Building an RDM Maturity Model: Part 4

Researchers are faced with rapidly evolving expectations about how they should manage and share their data, code, and other research products. These expectations come from a variety of sources, including funding agencies and academic publishers. As part of our effort to help researchers meet these expectations, the UC3 team spent much of last year investigating current practices. We studied how neuroimaging researchers handle their data, examined how researchers use, share, and value software, and conducted interviews and focus groups with researchers across the UC system. All of this has reaffirmed our that perception that researchers and other data stakeholders often think and talk about data in very different ways.

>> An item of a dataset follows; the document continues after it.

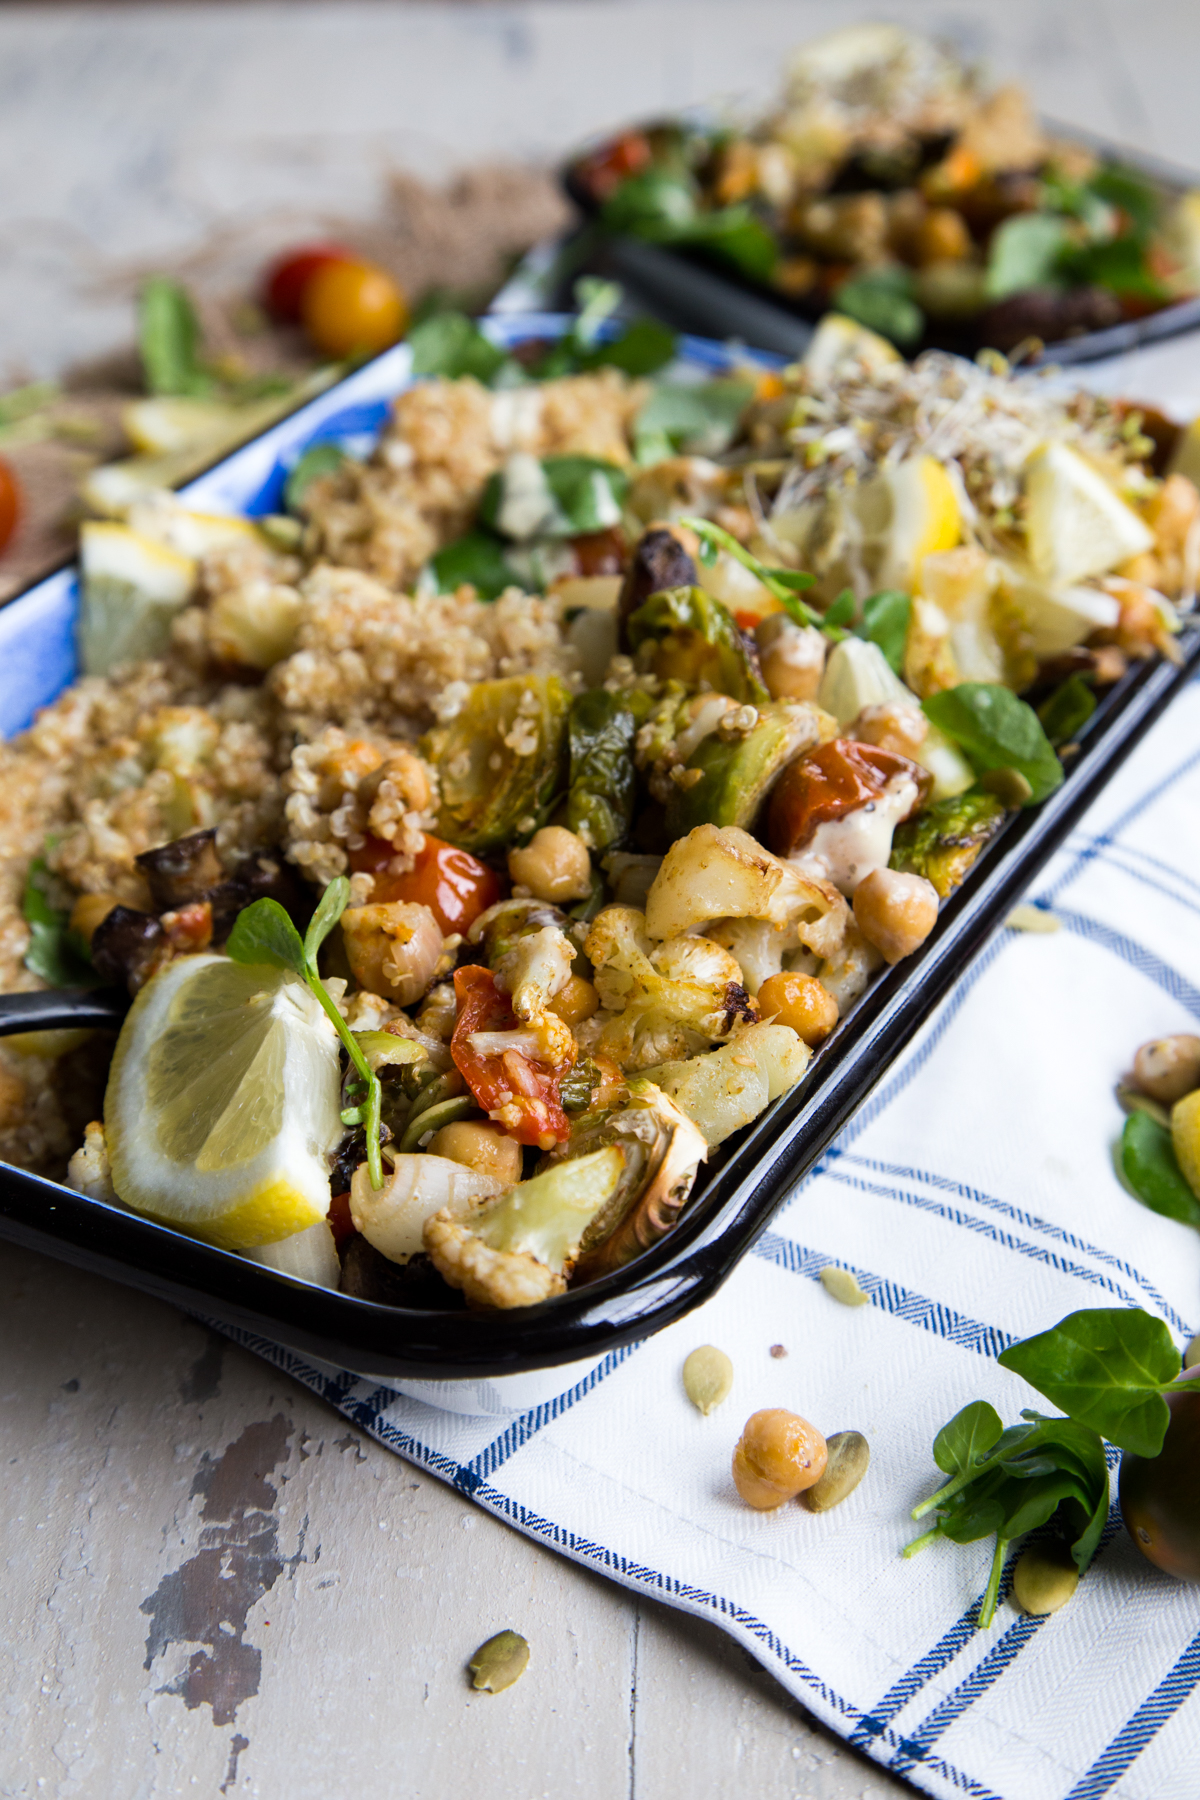 Dukkah Roasted Veggie Pilaf Bowls - Nourishing Superfood Bowls - Paleo and Vegan options! All Gluten Free!

Such differences are central to another project, which we’ve referred to alternately as an RDM maturity model and an RDM guide for researchers. Since its inception, the goal of this project has been to give researchers tools to self assess their data-related practices and access the skills and experience of data service providers within their institutional libraries. Drawing upon tools with convergent aims, including maturity-based frameworks and visualizations like the research data lifecycle, we’ve worked to ensure that our tools are user friendly, free of jargon, and adaptable enough to meet the needs of a range of stakeholders, including different research, service provider, and institutional communities. To this end, we’ve renamed this project yet again to “Support your Data”.

Image showing some of the support structure for the Golden Gate Bridge. This image also nicely encapsulates how many of the practices described in our tools are essential to the research process but are often invisible from view.

What’s in a name?

Because our tools are intended to be accessible to a people with a broad range of perceptions, practices, and priorities, coming up with a name that encompasses complex concepts like “openness” and “reproducibility” proved to be quite difficult. We also wanted to capture the spirit of terms like “capability maturity” and “research data management (RDM)” without referencing them directly. After spending a lot of time trying to come up with something clever, we decided that the name of our tools should describe their function. Since the goal is to support researchers as they manage and share data (in ways potentially influenced by expectations related to openness and reproducibility), why not just use that?

Recent Developments

In addition to thinking through the name, we’ve also refined the content of our tools. The central element, a rubric that allows researchers to quickly benchmark their data-related practices, is shown below. As before, it highlights how the management of research data is an active and iterative process that occurs throughout the different phases of a project. Activities in different phases represented in different rows. Proceeding left to right, a series of declarative statements describe specific activities within each phase in order of how well they are designed to foster access to and use of data in the future.

The “Support your Data” rubric. Each row is complemented by a one page guide intended to help researchers advance their data-related practices.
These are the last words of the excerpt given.